On the other hand, head coach Rahul Dravid compared the expectations that the people of India have for Virat Kohli with the weight of expectations on Sachin Tendulkar's shoulders when the Little Master was playing.

“In India when you become a player as big as Virat Kohli, people have such high expectations. When I played and used to bat with Sachin Tendulkar, I saw the same. Everyone wants him to score a century, score runs. And this happens because he has set a standard. He has scored centuries so regularly that people don't realise how tough it is to score a hundred. And then obviously, the pressure builds,” Rahul Dravid told Star Sports.

“A player of Kohli's calibre wants to contribute, stay involved. He looks at it in a way ‘How can I contribute? What can I do to win the match for India?' And somewhere he must have felt that I am not able to give that world-class performance in Test matches which the team has become habitual of,” he pointed out.

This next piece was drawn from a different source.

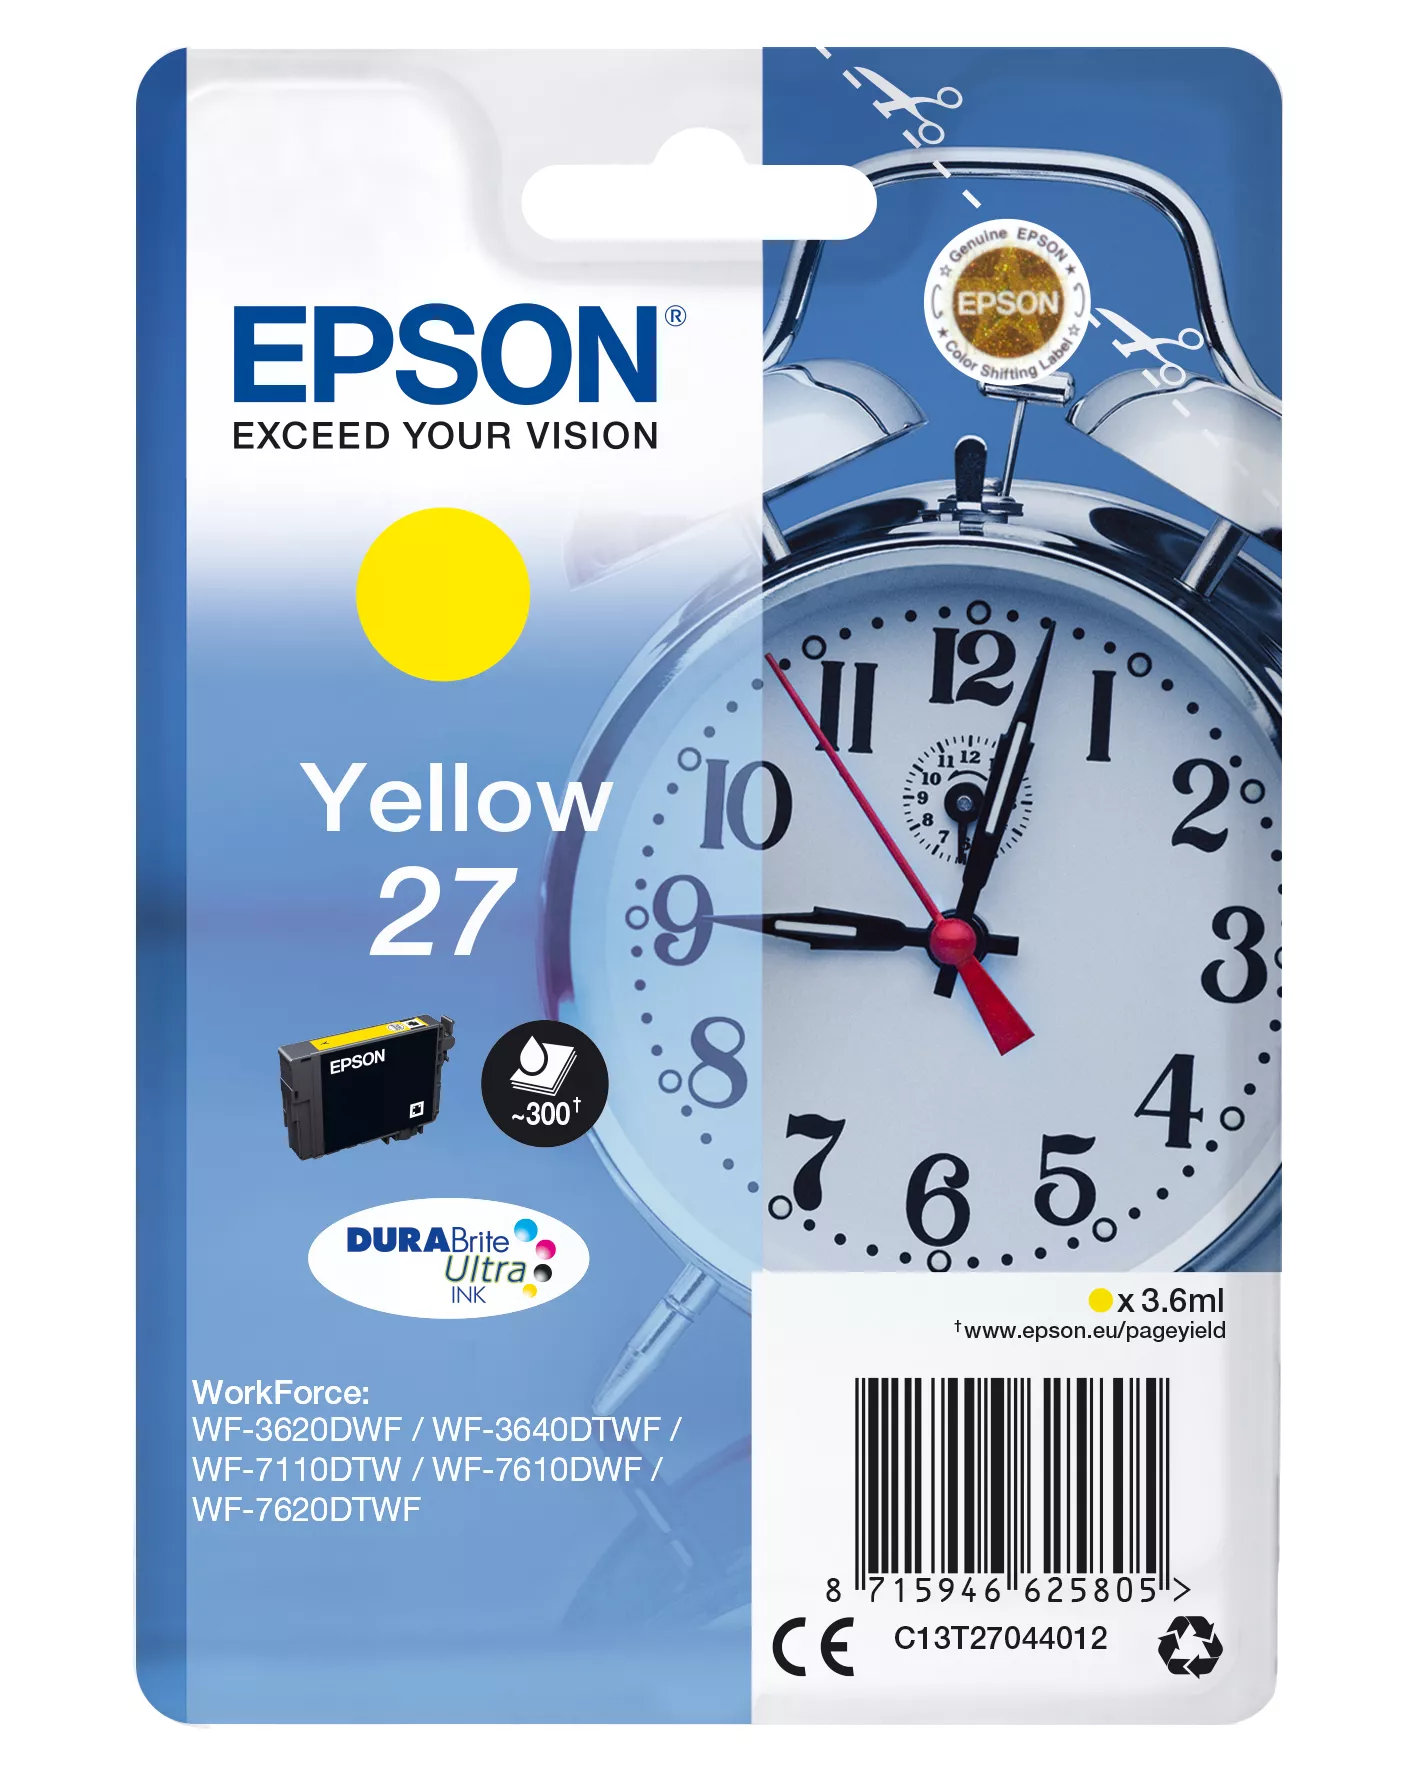 Achat EPSON 27 cartouche d encre jaune capacité standard 3.6ml au meilleur prix

“If young kids are watching – we keep talking and sometimes as coach, we get frustrated too – I hear a lot that ‘this is my style and I'm only going to play like this'. In this match a big player has shown that if the situation is tough and the team is slightly on the defensive, the opposition is not giving you boundaries, you can play differently and still score a century for the team.”

“He scored just five fours in his first 100 runs. He could have gotten frustrated – felt I will smash, dominate – but he knew what the team needed in that situation. This is a special trait of a big player. Doesn't matter how great a player you are, you need to have humility, the will to,” Rahul Dravid concluded.